The numbers that matter, compressed:

200K is the hard ceiling.
100K is a sensible peak target. Past that, you are fragile.
40K working set plus 25K scaffolding plus 20K conversation is a typical task. 85K used, plenty of headroom.
Compaction triggers around 180K used. It costs fidelity.
Sub-agents reset the budget for the dispatched work.
Caching shifts cost, not size.

What the two weeks taught me

Budget from the work back. The mistake I kept making was "how much context can I load?" The right question is "how much context does this task need?" The answer is almost always less than the ceiling, and the rest is headroom for the model to do its job.

For operators running production agent workflows, the operator stack curriculum works through the full context budgeting discipline across real tasks. The agent handbook indexes the broader set of cost levers.

FAQ

Can I see my current context usage in Claude Code?

The Claude Code CLI shows context usage in the status line. Some configurations show a percentage bar. If yours does not, the /context command reports used versus ceiling.

Does context usage include tool outputs?

Yes. Every tool result that comes back is added to the conversation and counts toward the budget until compaction. Long tool outputs are one of the easiest ways to blow budget.

What happens when I hit the 200K ceiling?

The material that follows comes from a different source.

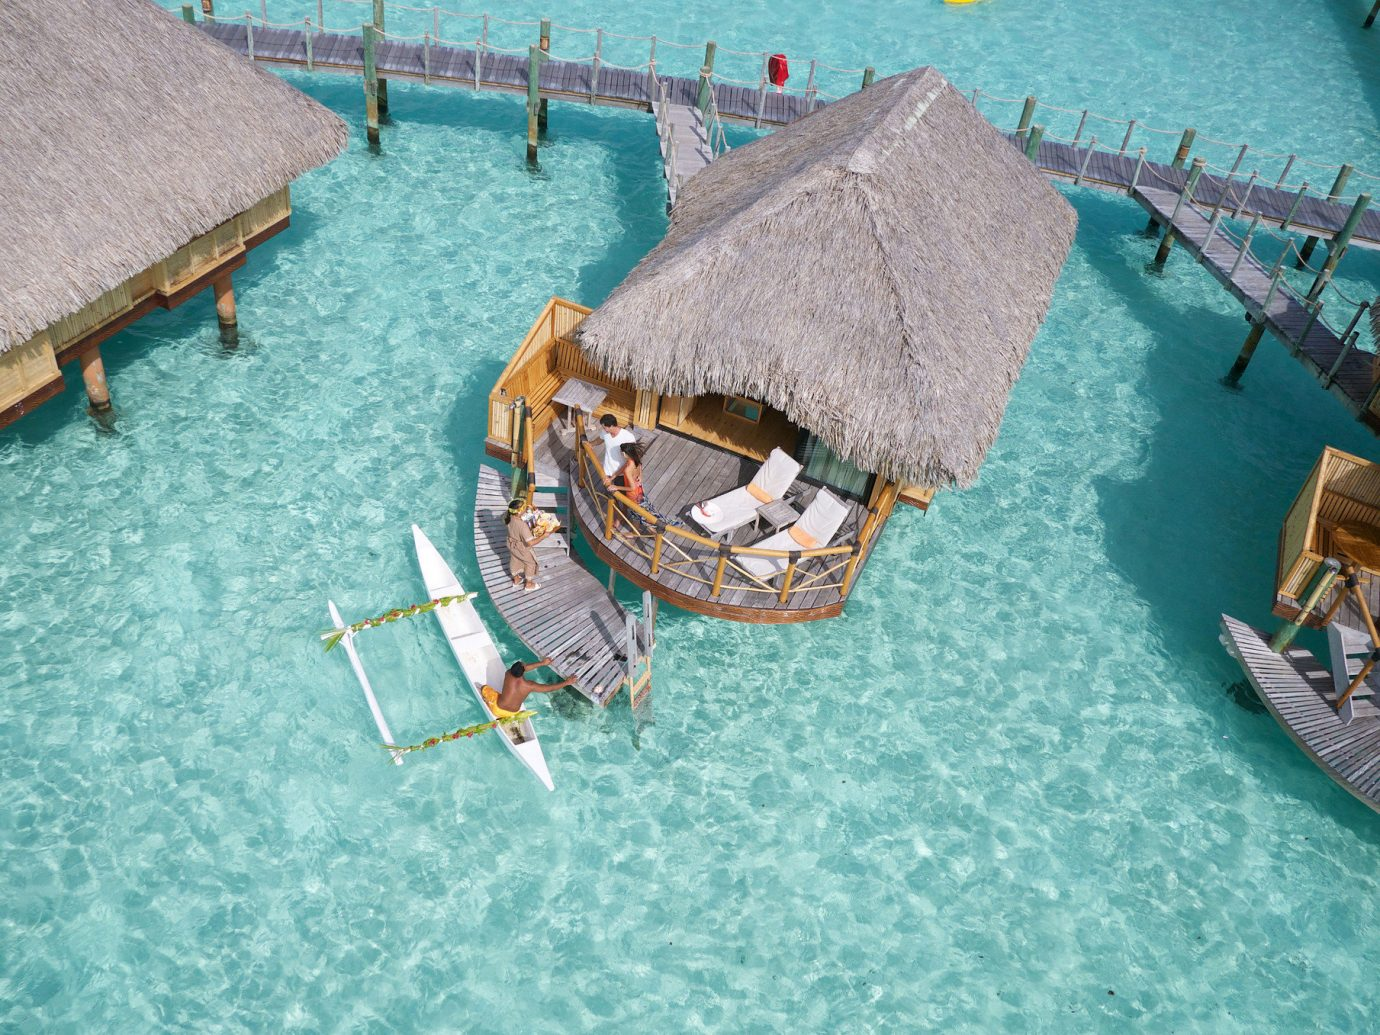 Hotels blue water vehicle Boat Sea swimming pool

Claude Code auto-compacts, summarizing older conversation turns to free room. The current task continues. You may lose fidelity on earlier context.

Is there a bigger context window available?

Yes. Claude Sonnet supports a 1M context window option on the Anthropic API for select tiers. Claude Code on the 1M model gives you 1M context, same math but with an extra zero. The pricing premium is meaningful; most solo workflows do not need it.

Does caching free up context space?

No. Caching reduces cost, not context footprint. A cached 40K block still occupies 40K of your 200K. To actually free space, you dispatch to a sub-agent or compact.